Révélée en 2007, dans “La Graine et le Mulet” du grand Abdellatif Kechiche, l’actrice Hafsia Herzi présentait le 11 septembre dernier “Tu mérites un amour”, son premier film en tant que réalisatrice. Un jour j’ai lu dans un article: “Lorsqu’Hafsia pleure, on a envie de pleurer, lorsqu’elle gueule on a envie de gueuler, lorsqu’elle mange on a faim, et lorsqu’elle danse on tape du pied.” Je ne saurais mieux résumer ce qu’Hafsia Herzi parvient à transmettre. L’actrice dégage une énergie lumineuse, elle vibre et on vibre avec elle. Dans “Tu mérites un amour”, la jeune réalisatrice raconte cette histoire que l’on a tous vécu un jour dans sa vie, la rupture, le chagrin, les instants de douleur, de déni, et de désespoir. C’est spontané et beau, c’est mélancolique, sensuel et vrai. Avec ce film, Hafsia Herzi nous percute en plein cœur. Nous l’avons rencontré.
Pourquoi avoir choisi le contexte de la rupture et du deuil amoureux pour ce premier film?
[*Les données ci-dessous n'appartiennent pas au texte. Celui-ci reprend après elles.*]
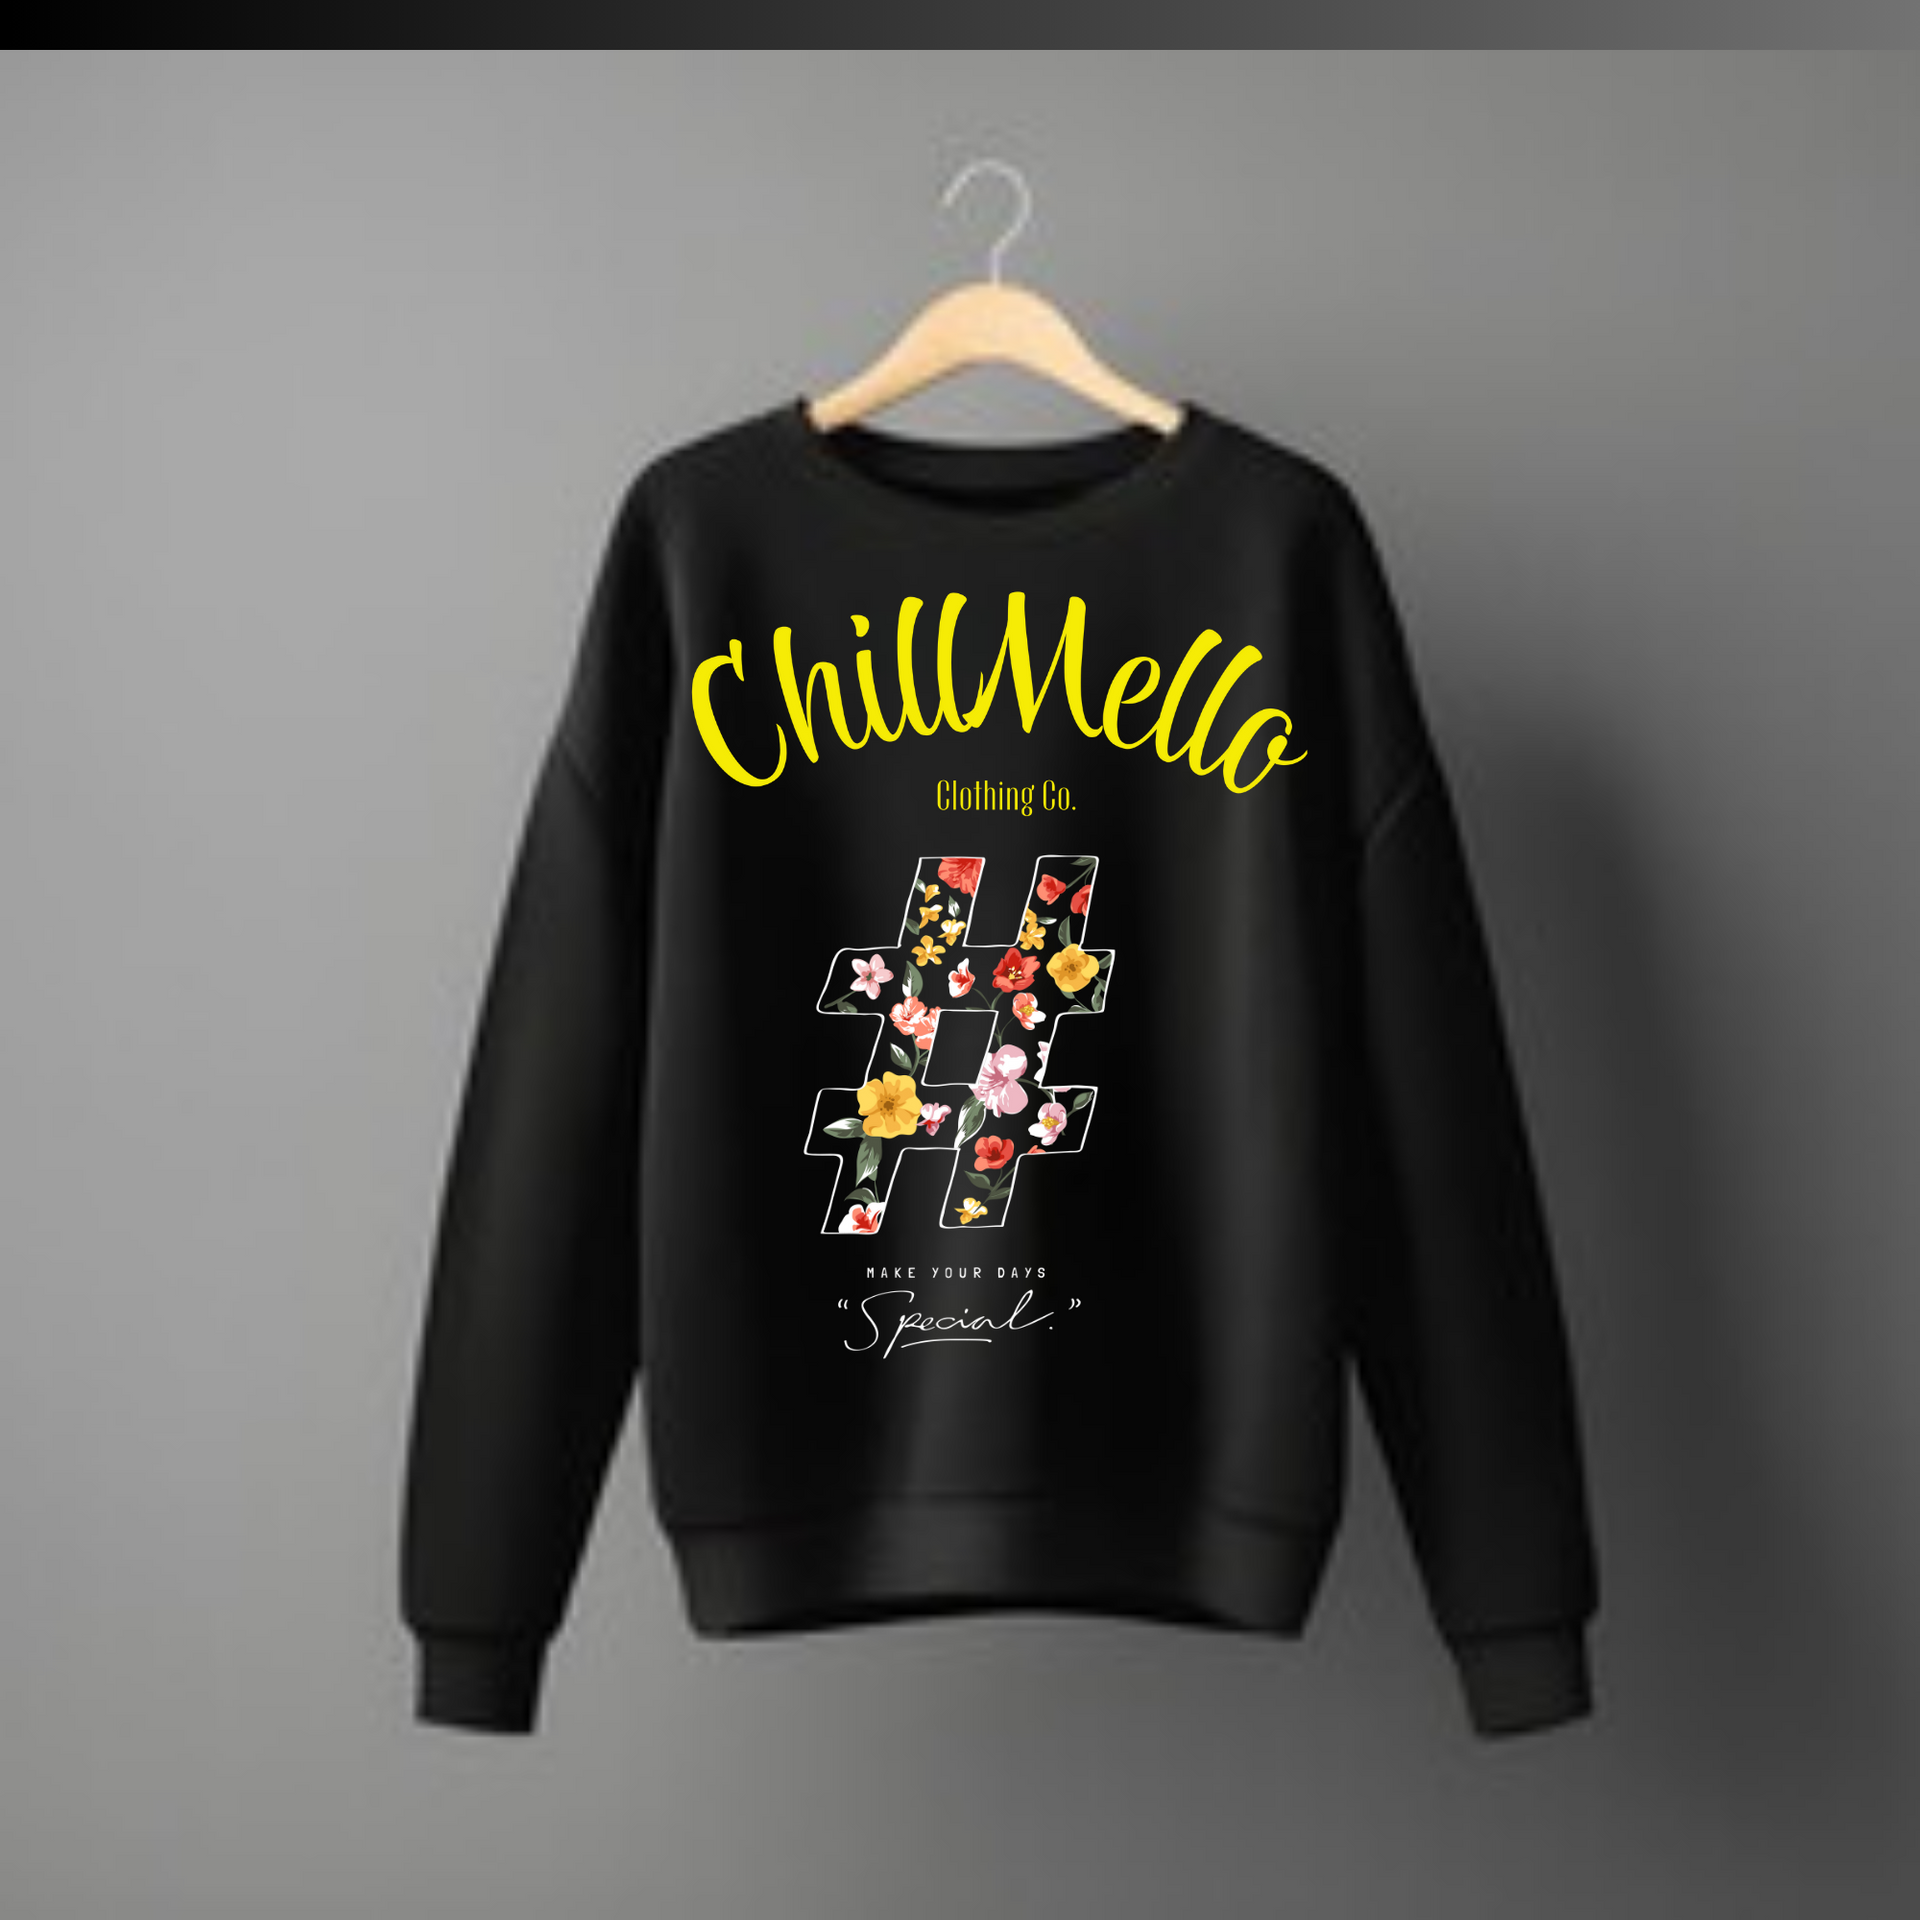 Chill Clothing Co

Hafsia Herzi : Ça avait déjà été traité au cinéma, mais pas profondément. En enquêtant un peu autour de moi, je me suis rendu compte que déjà l’amour est un sentiment universel, mais aussi qu’on parle peu de la rupture et de ce qu’elle peut engendrer sur le mental, sur le physique… J’avais envie de faire ce film pour que les gens qui vivent ça, n’en aient pas honte. C’est pour ça également que j’ai voulu aller très loin dans la tristesse, car on peut être amenés à passer par là, par de gros chagrins. C’était pour dire aux gens qu’ils ne sont pas seuls, et qu’ils ne faut pas avoir honte de ce qu’ils traversent ou de ce qu’ils vont traverser. On a fait quelques projections et je vois que ça touche le public parce que tout le monde est plus ou moins passé par là dans sa vie. Je pense que c’est par pudeur que ça n’a pas encore été traité de cette manière-là. J’ai voulu faire un film “sans pudeur” à ce niveau-là.
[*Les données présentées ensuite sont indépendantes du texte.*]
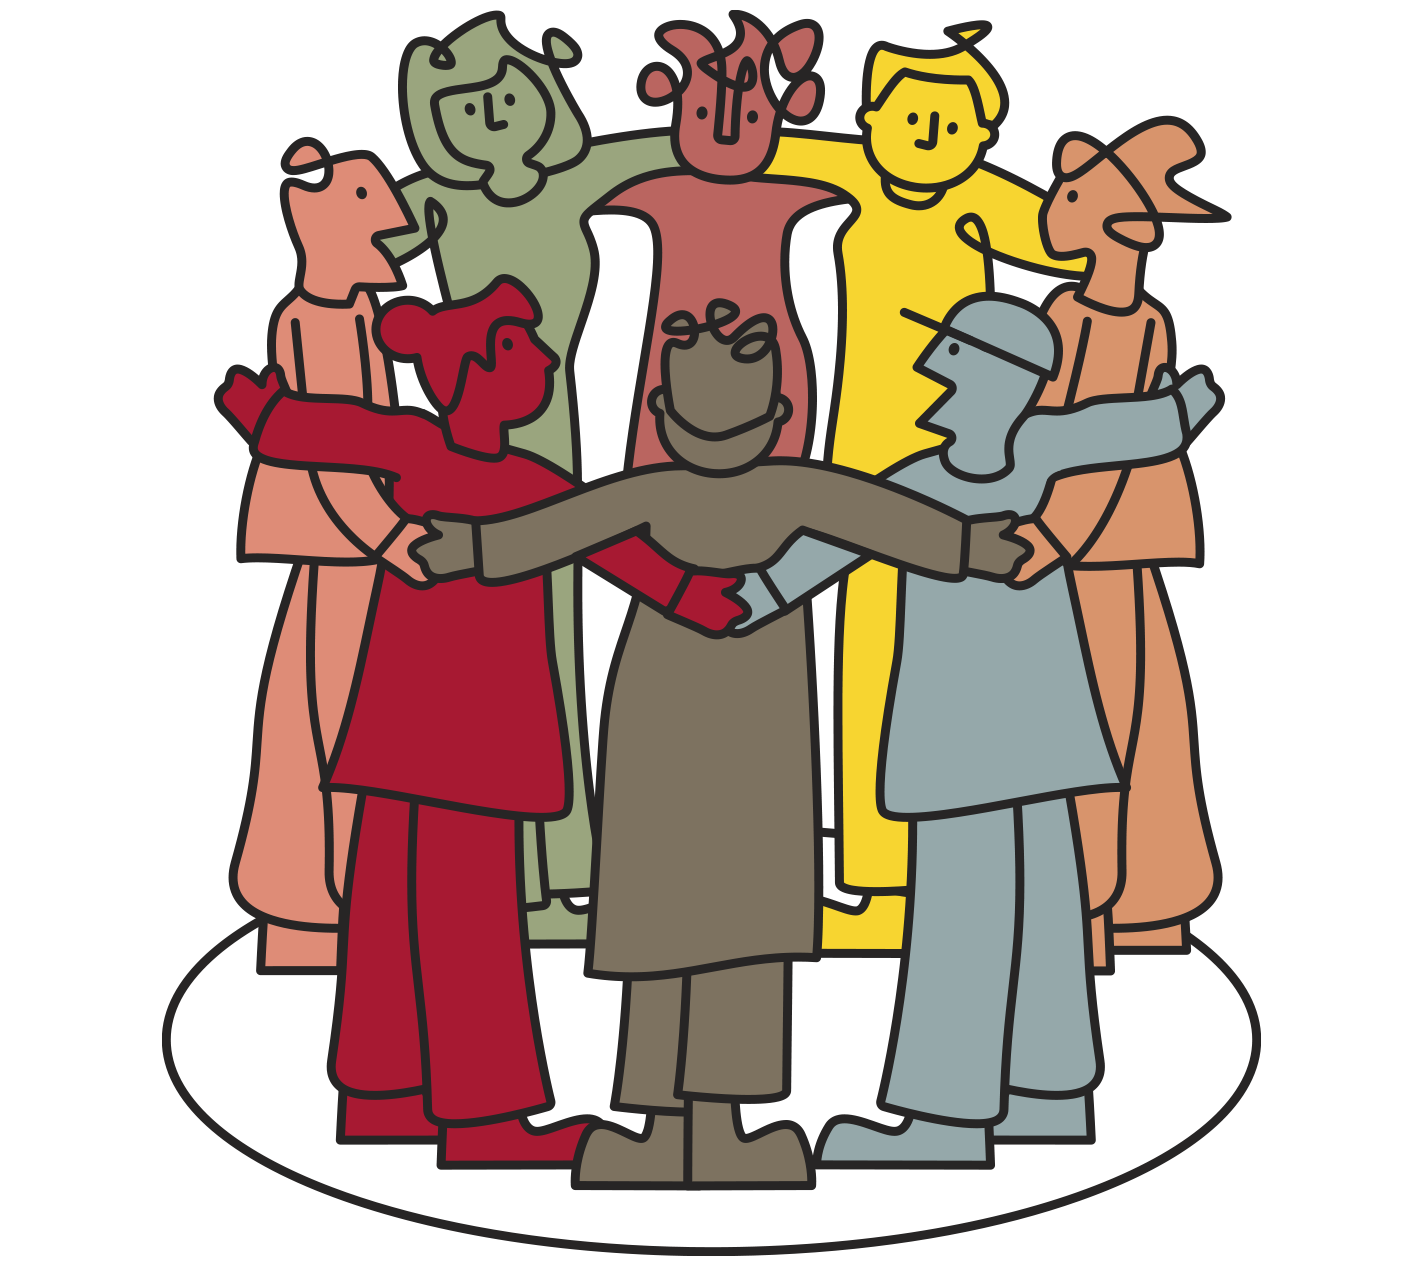 Different colored cutout figures with arms around each other in a circle

Qu’est-ce qui vous a donné envie de passer de l’autre côté de la caméra ?
Hafsia Herzi : Depuis petite j’ai toujours rêvé de réaliser, d’écrire des histoires. J’ai fait un court-métrage il y a dix ans et j’avais adoré l’expérience. J’avais envie d’évoluer dans mon métier. Une très grosse envie de filmer et de raconter des histoires. Un désir fort de passer derrière la caméra.
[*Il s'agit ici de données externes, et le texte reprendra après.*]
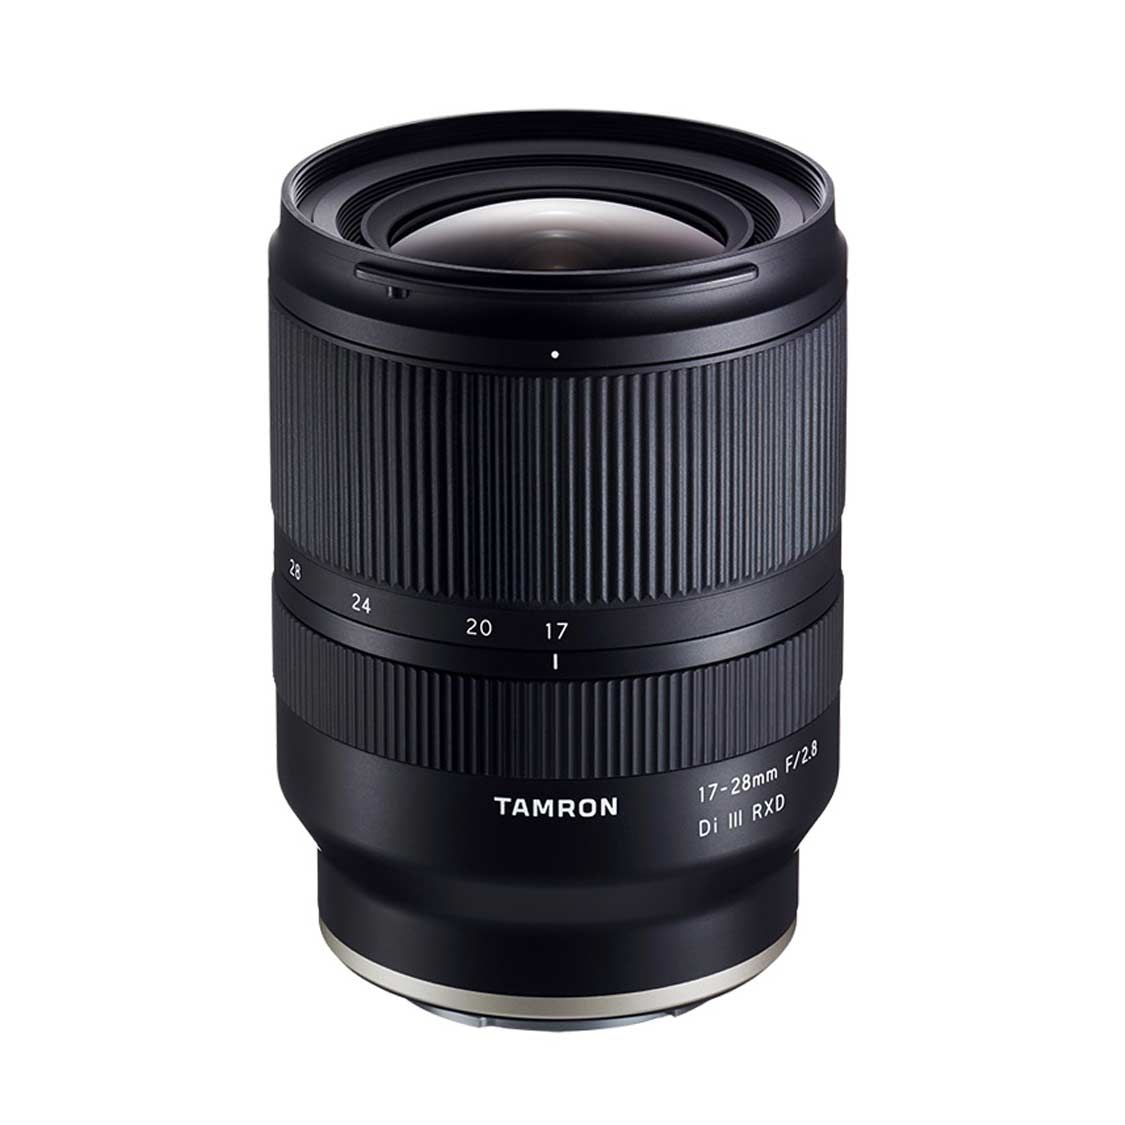 Tamron 17-28mm f2.8 DI RXD for Sony E-Mount

Et là du coup c’est devant et derrière la caméra à la fois, ce n’est pas trop compliqué à gérer?
Hafsia Herzi : C’est vraiment parce que le projet est auto-produit, j’ai décidé de le faire du jour au lendemain. J’ai essayé de trouver quelqu’un, mais étant donné que j’ai fait le film en plusieurs parties, je me suis demandé sur qui je pourrais compter si le film s’éternisait. Je n’avais vraiment personne à ce moment-là. Je me suis dit : “Fais toi confiance”. Je l’avais déjà fait dans le court-métrage et je m’étais juré de ne plus le refaire parce que c’était vraiment très dur, même au montage. Mais là, je me suis lancée, et vu qu’il n’y avait pas d’enjeu financier, je n’ai pas réfléchi. Ça s’est très bien passé.
J’imagine que de jouer le rôle qu’on a écrit c’est aussi un peu le meilleur moyen d’arriver à ce qu’on avait imaginé.
Hafsia Herzi : Oui, parce qu’on sait ce qu’on veut. Puis vu qu’il n’y avait pas de production derrière, c’était moi la production, c’était un moyen d’apporter l’énergie au film. Quand on joue, c’est une responsabilité, on n’a pas le choix d’être dans le truc tout de suite, parce que sinon les autres ne nous suivent plus. Je me suis abandonnée, je me suis laissé aller.
Et les acteurs vous les aviez déjà en tête en écrivant les rôles?
Hafsia Herzi : Pas du tout. Ce film, je pensais que ça allait être mon deuxième long-métrage car j’en avais déjà écrit un autre auparavant qui avait été financé, mais pas suffisamment pour voir le jour. “Tu mérites un amour” c’était un scénario que j’avais dans mes archives, et c’est vraiment quand j’ai décidé de le tourner comme ça à l’arrache, que j’ai eu en tête des noms de gens que je connaissais, ou que j’avais rencontré dans l’année. Il y a beaucoup de jeunes dont c’est la première fois à l’écran. J’ai choisi les acteurs en même pas 48 h. Je me suis dit au pire si ça ne va pas, je change, il n’y a rien à perdre.
Et ça s’est bien passé finalement?
Très bien. De belles surprises. Même ceux dont c’était la première fois, je ne les ai pas castés, je les ai pris après un café ou autre, et je leur ai dit : “C’est bon allez, viens demain.”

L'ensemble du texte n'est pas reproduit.